At his side, Chamblain said: "My decision is made and tomorrow I will explain it." Human rights groups had expressed concern a convicted killer and human rights abuser could walk Haiti’s streets freely, as Chamblain has done since joining the rebellion that pushed Aristide out of power on Feb. 29. Chamblain signed autographs for admirers in the capital, Port-au-Prince, in the chaotic days after Aristide’s government collapsed, when armed gangs ruled and police were nowhere to be seen.
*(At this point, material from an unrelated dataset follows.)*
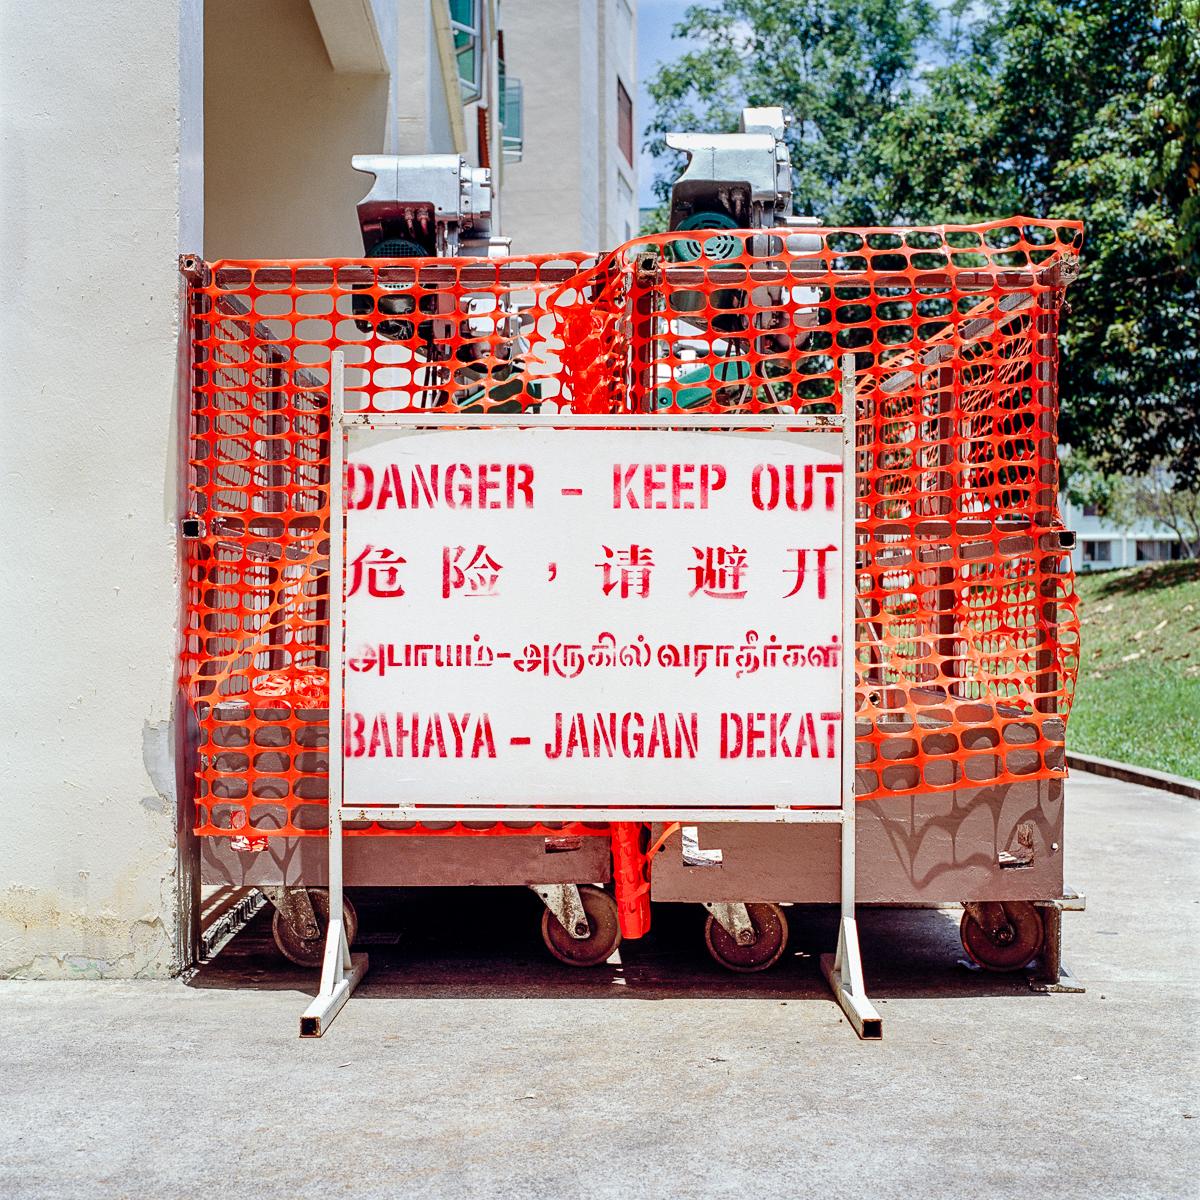 singapore Seeking Danger danger signs construction Hasselblad danger keep out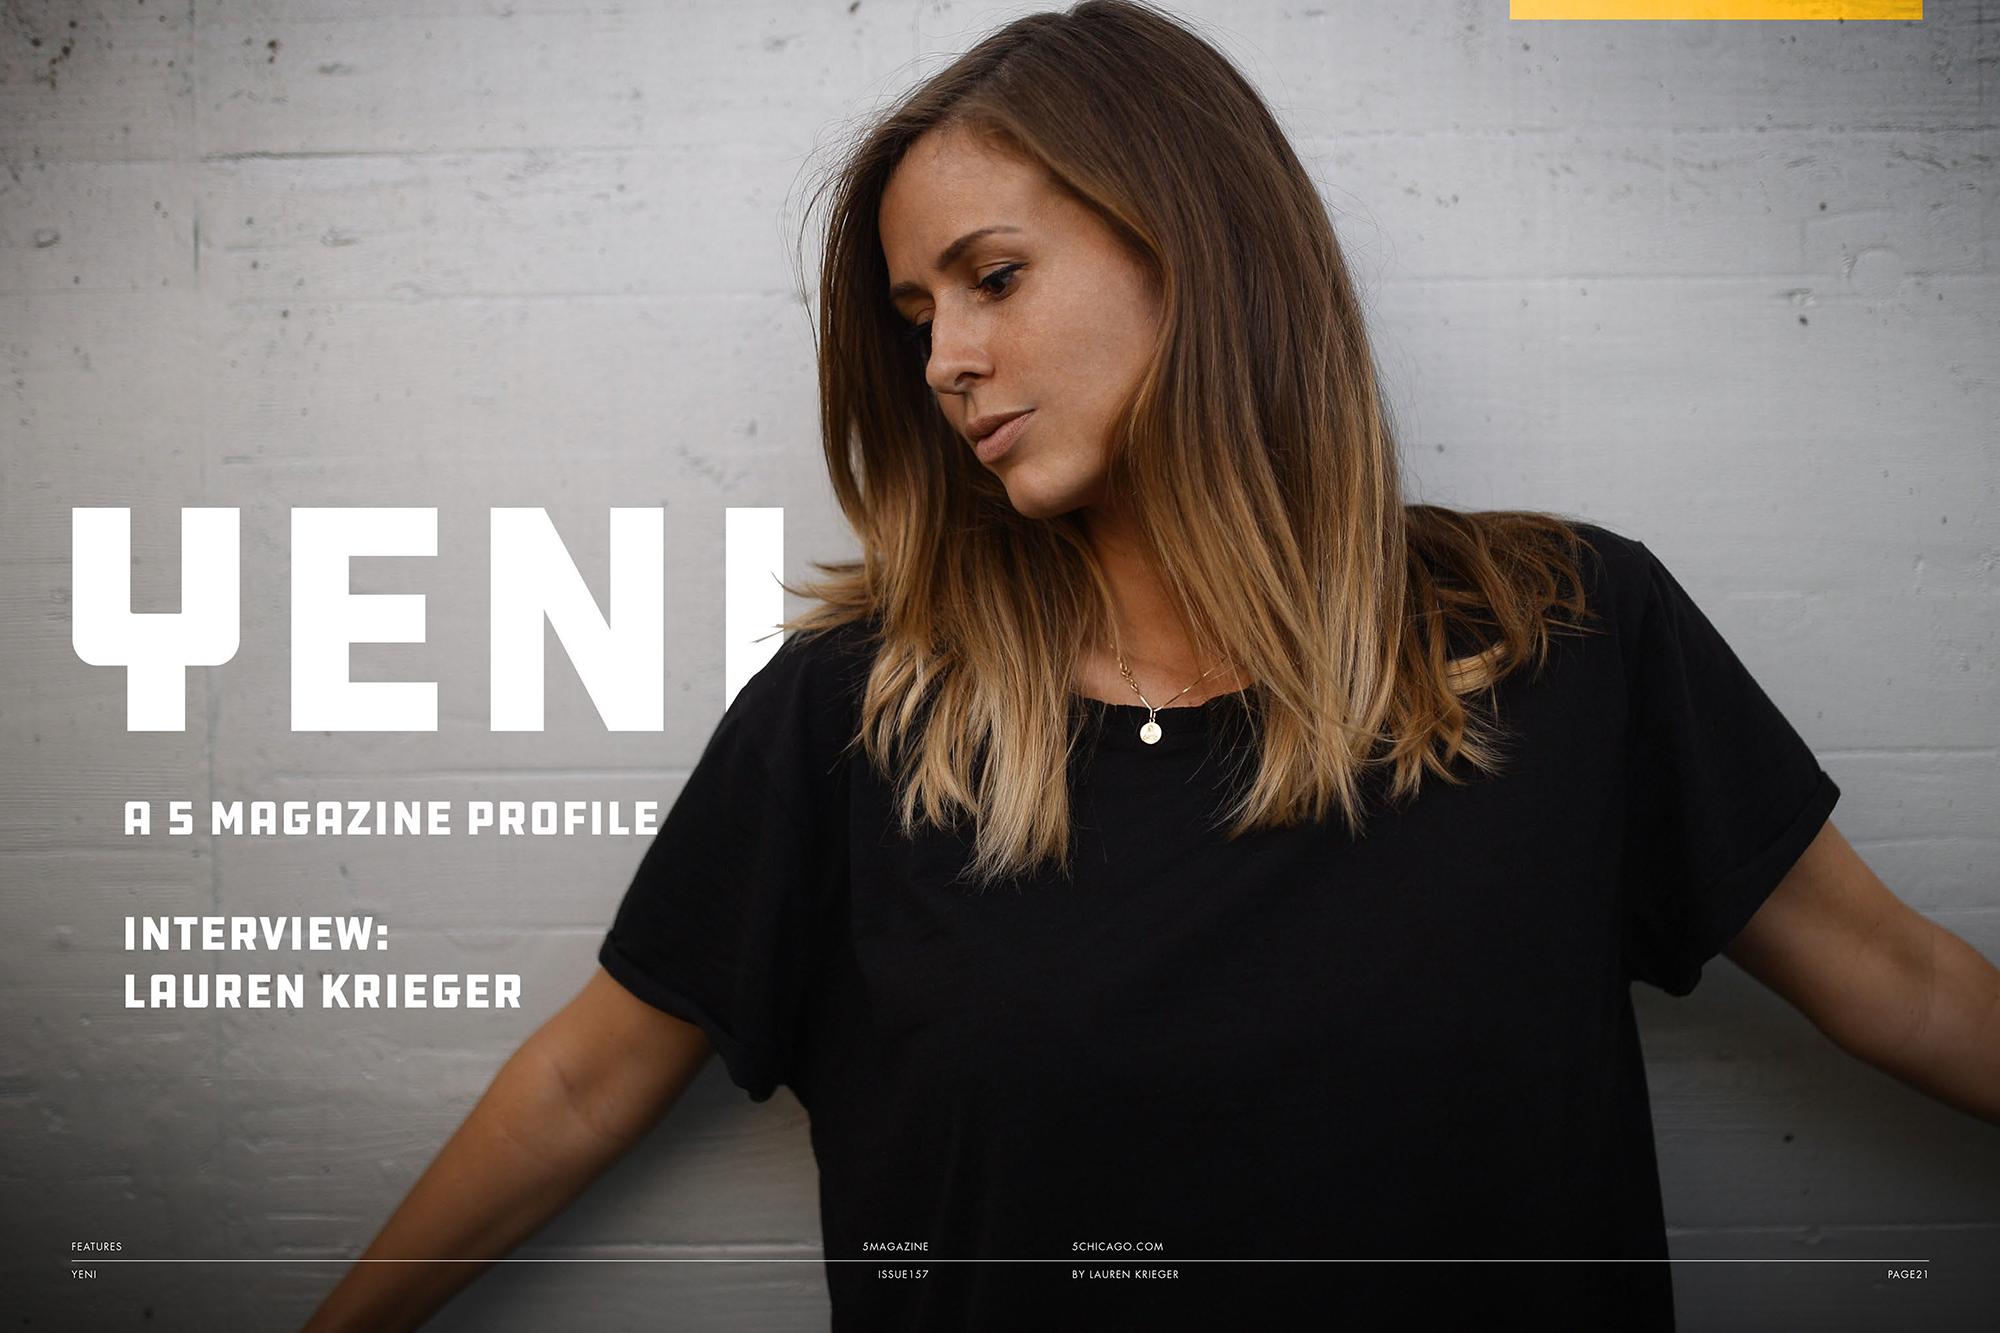 Yeni Magazine Interview

An army officer accused of heading death squads during the last years of the Duvalier family dictatorship in the 1980s, Chamblain helped form the Front for the Advancement of Progress of the Haitian People, or FRAPH, after a military junta ousted Aristide in 1991 during his first presidency. FRAPH was blamed for 3,000 deaths in the three years Aristide was in exile.

In 1995, Chamblain was convicted of the 1993 murder of Antoine Izmery, an Aristide supporter who was dragged from a church, forced to kneel and shot in the head. Chamblain returned from exile in the neighboring Dominican Republic in February, shortly after armed gangs and former soldiers began an uprising in northern Haiti. He helped lead the rebel forces that ultimately forced Aristide to flee.

The pledge to give himself up came after a meeting between rebel leaders, Haitian National Police Chief Leonce Charles, Justice Minister Bernard Gousse and representatives of the multinational force sent to Haiti to provide security. Charles said police had formulated a plan to take Chamblain into custody. But he said he was pleased the surrender would avoid any possible violence from the armed rebels. "Chamblain will go back to where he should be (prison)," he said. "It’s up to the justice system to decide this case."

Wynter Etienne, a leader of the rebels in Gonaives, the cradle of the rebellion, said Jean Pierre Baptiste, another notorious FRAPH member better known by his alias "Jean Tatoune," would also surrender to police. He did not say when. Tatoune was convicted in the 1994 Raboteau massacre, when FRAPH forces went on a rampage in a seaside slum in Gonaives and killed more than two dozen people.
Posted by:Super Hose

#1  Shit, THIS thing didn't have much of a news cycle, did it? Guess Dubya does it again?! Gotta luv 'im.